ただし、施設基準を満たしていないと保険診療では行えませんので、事前にご確認ください。
ほとんど痛みがない
施術では約2mm程度のカテーテルを子宮内に注入しますので、痛みはほとんどないようです。しかし、痛みに対しては個人差があるようで、なかには痛みを感じられる方も稀にいらっしゃいます。
施術自体は、比較的容易な治療法
精液の調整処理には1~2時間を要しますが、施術(子宮内に注入する)時間はほんの数分で終わります。
体外受精を行っていない幅広い産婦人科医院やクリニックでも行える
地域によっては、体外受精が出来る不妊治療施設が少ないところもありますが、人工授精を行えるところは比較的多いようです。
デメリット
腹膜炎などの感染症
精液の調整で不純物(菌など)を取り除いていますが、完全にゼロにすることは困難です。
その菌が子宮や卵管内に入り込むと原因で、極めて稀に起こるということがあります。
処方される抗生物質は必ず服用するようにしてください。
出血
施術では、カテーテルを子宮内に注入するため出血することがあります。
軽度の出血であれば問題ありませんが、出血が続くようでれば担当医に相談してみてくだい。
多胎妊娠
排卵誘発法を行った場合では、排卵する卵子の数をコントロールすることや自然の力で受精し操作することが出来ないために、多胎妊娠になる可能性は高くなる傾向にありますが、刺激の弱い薬を使うことで自然妊娠の確率に近づけることができます。
妊娠率はどうなの?
一般的に妊娠率は、5~10%程度と言われています。
この妊娠率だけをみると「成功率が低い」と思われるかもしれません。
タイミング法での妊娠率は数%と言われていますので、次のステップとして少しはいいようにも感じ取れます。
また、一般的な妊娠率は1回あたりであり回数を重ねるごとに累積妊娠率は上がっていきます。そして、年齢、治療歴や施設ごとなど条件によって違いがあることに注意してください。
人工授精のコツ
人工授精をする上ではどの様なことに気を付けると良いのでしょうか?
出来るだけ早く検査または治療を始める
妊活を始めようとされている方や治療を悩まれている方は、早め受診をおすすめします。
まずは、自分たちの妊活力を把握することが大事です。
過ぎた時間戻りません、若返ることはできませんので、とりあえず検査だけでも受けてみませんか?
良好な精液
精液所見が良いに越したことはありませんので、男性不妊があり治療で治せるのであれば早期に開始してください。
回数の見極め
回数が増えれば累積での妊娠率は増えていくとこはお話しましたが、5~6回目くらいからは頭打ちとなると言われています。

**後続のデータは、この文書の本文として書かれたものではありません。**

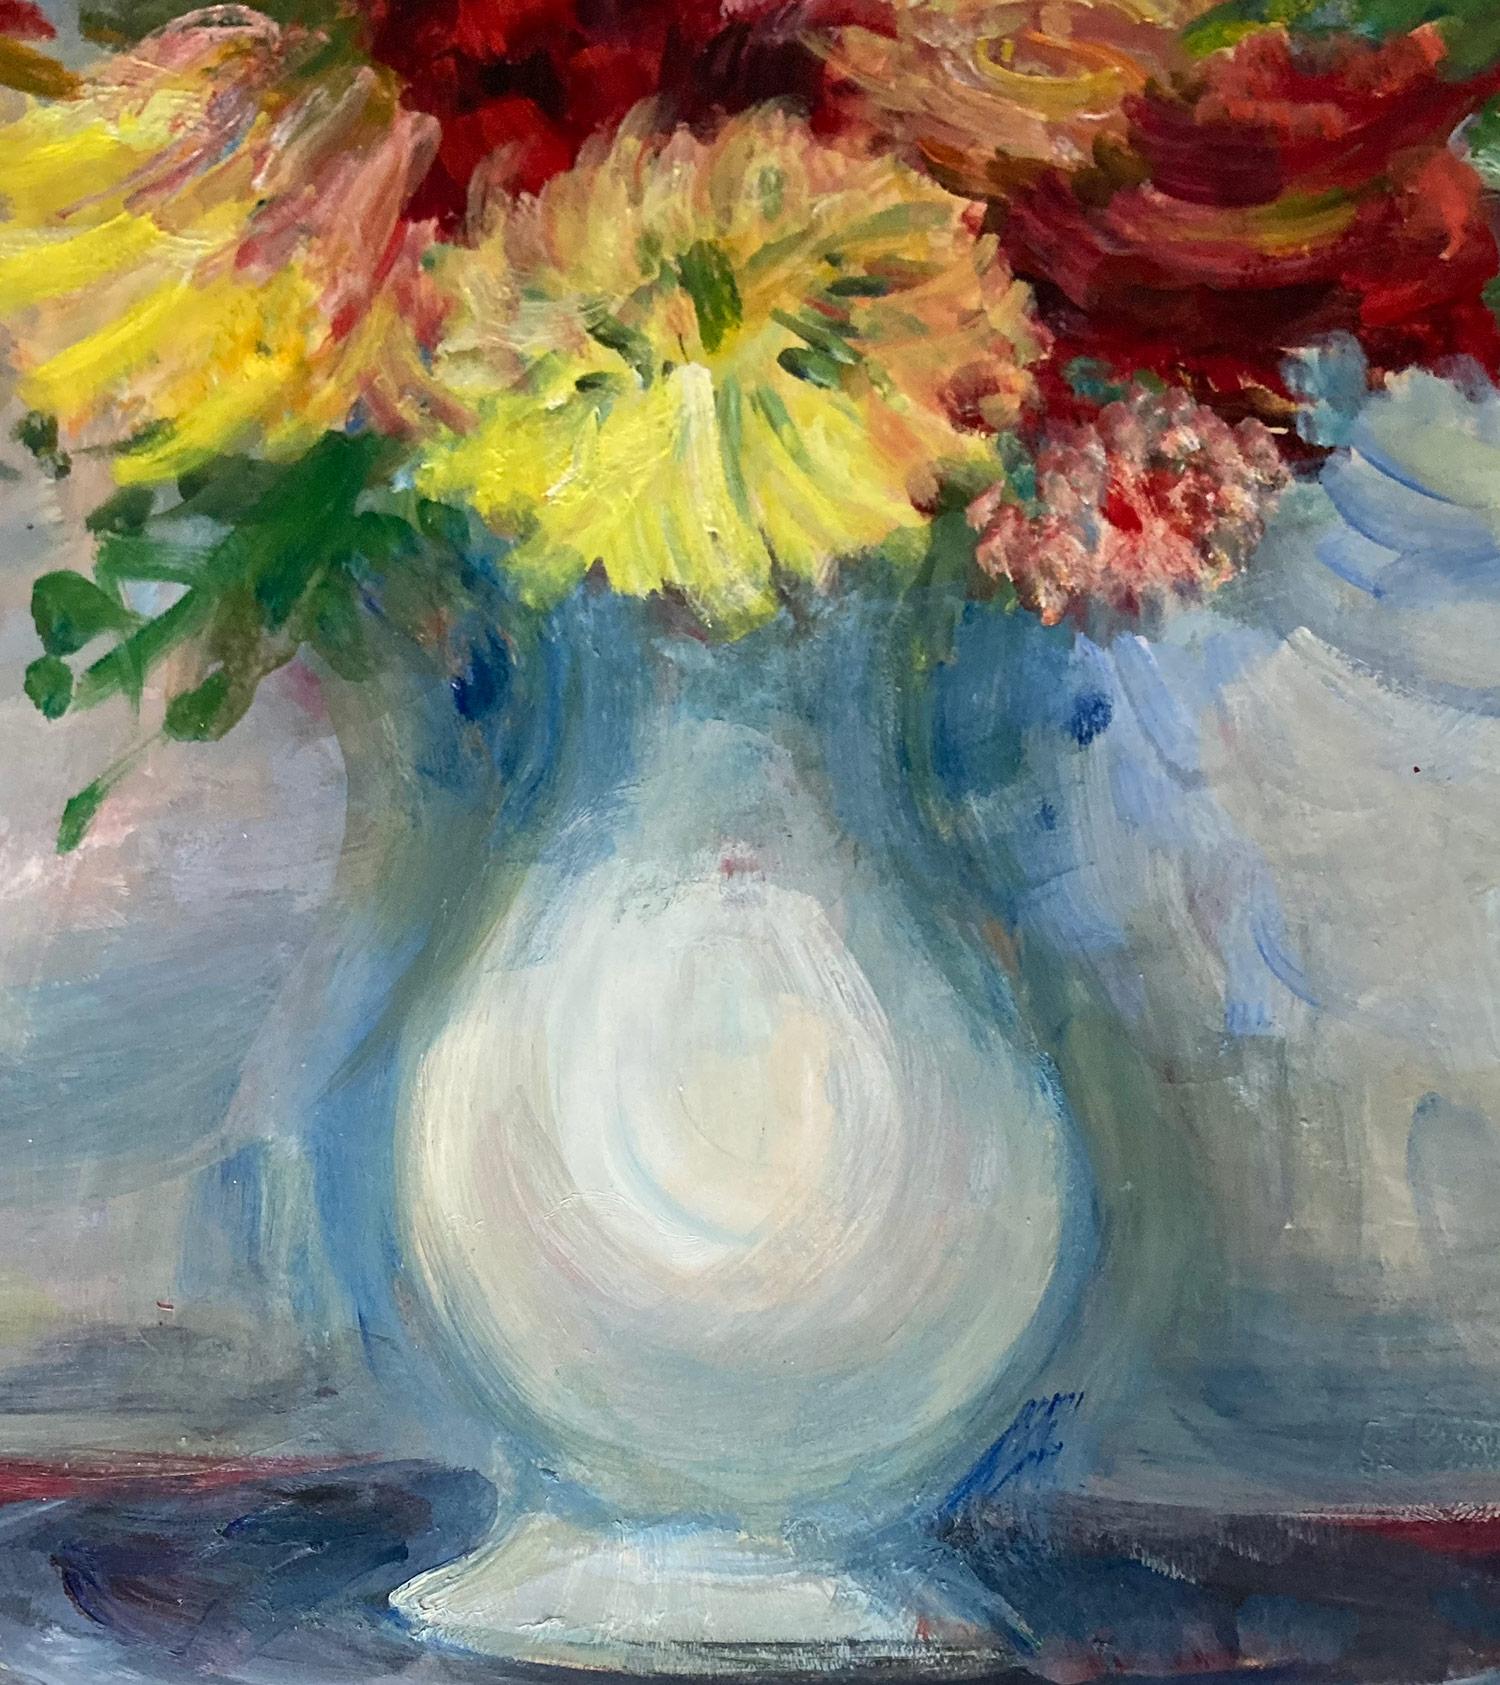 Ein charmantes Ölgemälde auf Papier, das ein buntes Blumenstillleben in einer weißen Vase auf einem Holztisch zeigt. Die abgebildeten Blumen sind ein bunter Strauß aus Nelken, Gänseblümchen, Grünzeug und roten Rosen.  Die leuchtenden Farben und die

人工授精を何度もしていてステップアップに切り替える時期が遅れたために、年齢が上がり体外受精でも妊娠しづらくなるということも十分ありえますので、これくらいを目安に体外受精の治療をする期間も考慮したうえで、次のステップアップを考えるべきなのかもしれません。
治療施設選び
前述にも書きましたが、体外受精を行っていない幅広い施設で行われており、調整した精子を用います。

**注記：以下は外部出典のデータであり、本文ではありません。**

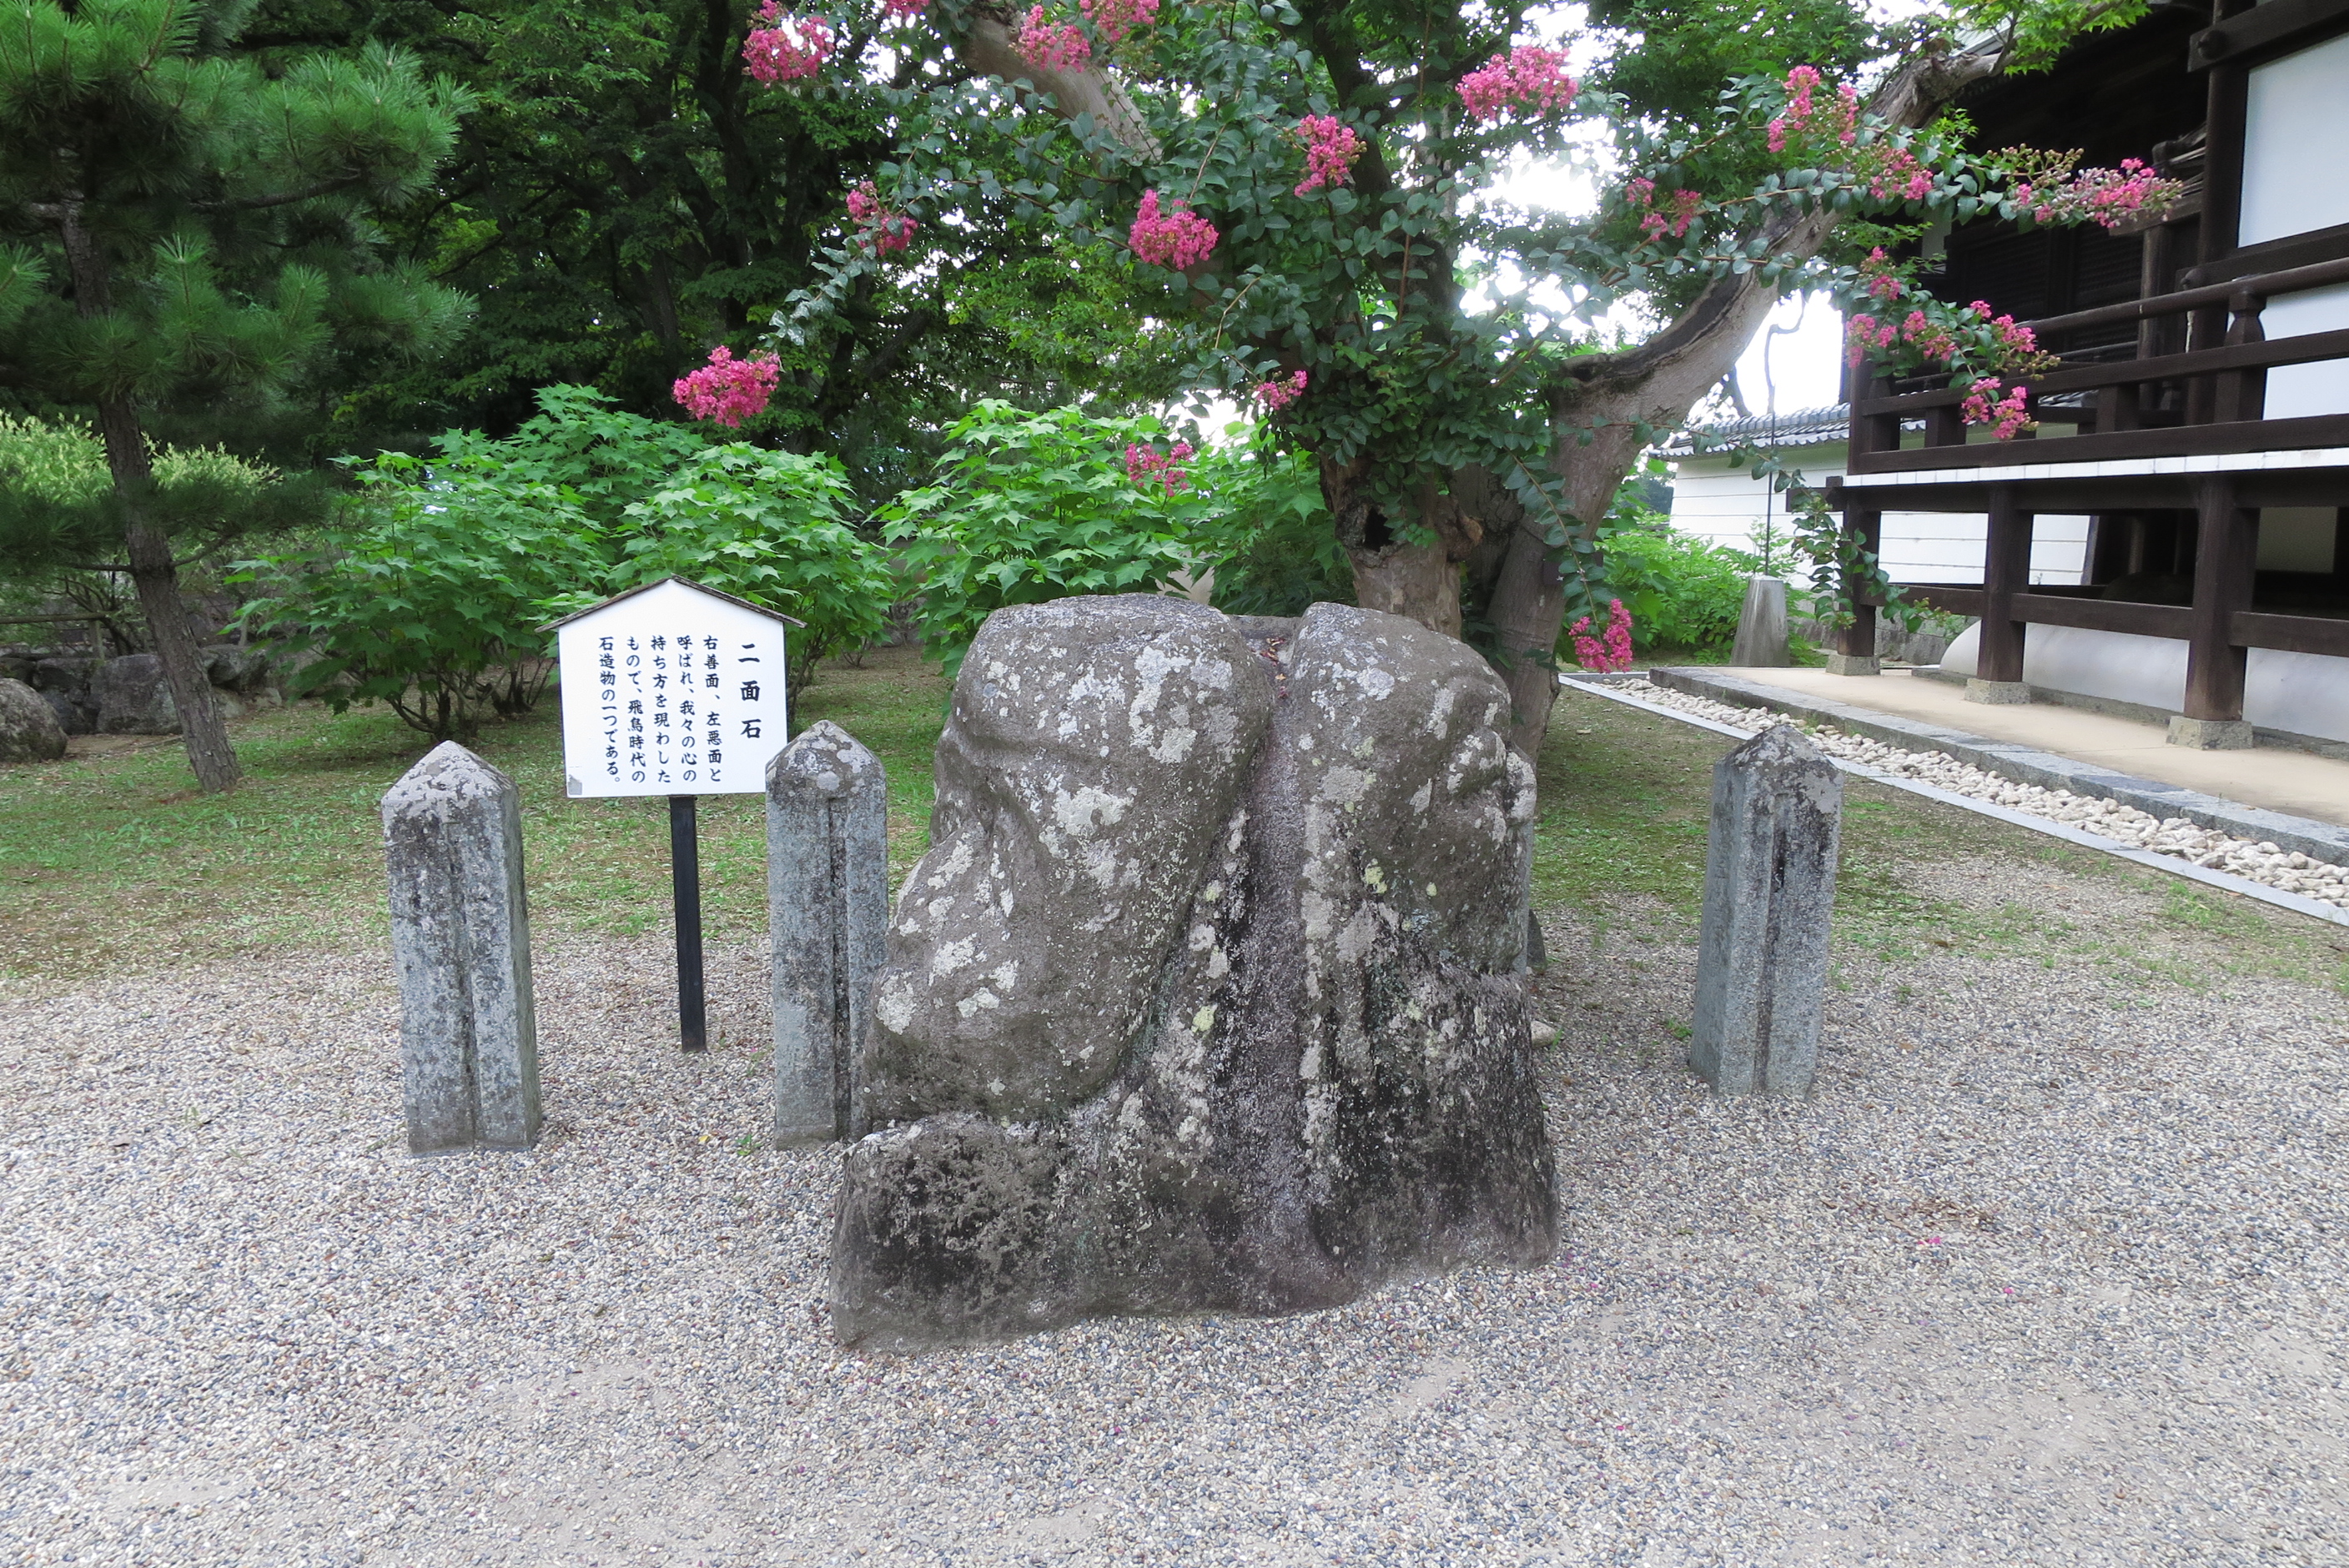 橘寺境内にある二面石。私たちの心の持ち方を表した「右善面、左悪面」の２つが彫られています。

人の手で調整しているために、どうしてもやる人によって技術の良し悪しが出てくる場合もあります。事前に治療実績などを確認すると良いでしょう。
さいごに
体外受精から開始した方がいいのではないかと思われるかもしれませんが、人工授精と体外受精では、治療費や治療の労力など段違いに変わってきます。
不妊治療のステップアップは大変重要であり、また切り替えの見極めも非常に大事です。
担当医やパートナーともよく話し合い、適切な治療法を選ぶようにしてください。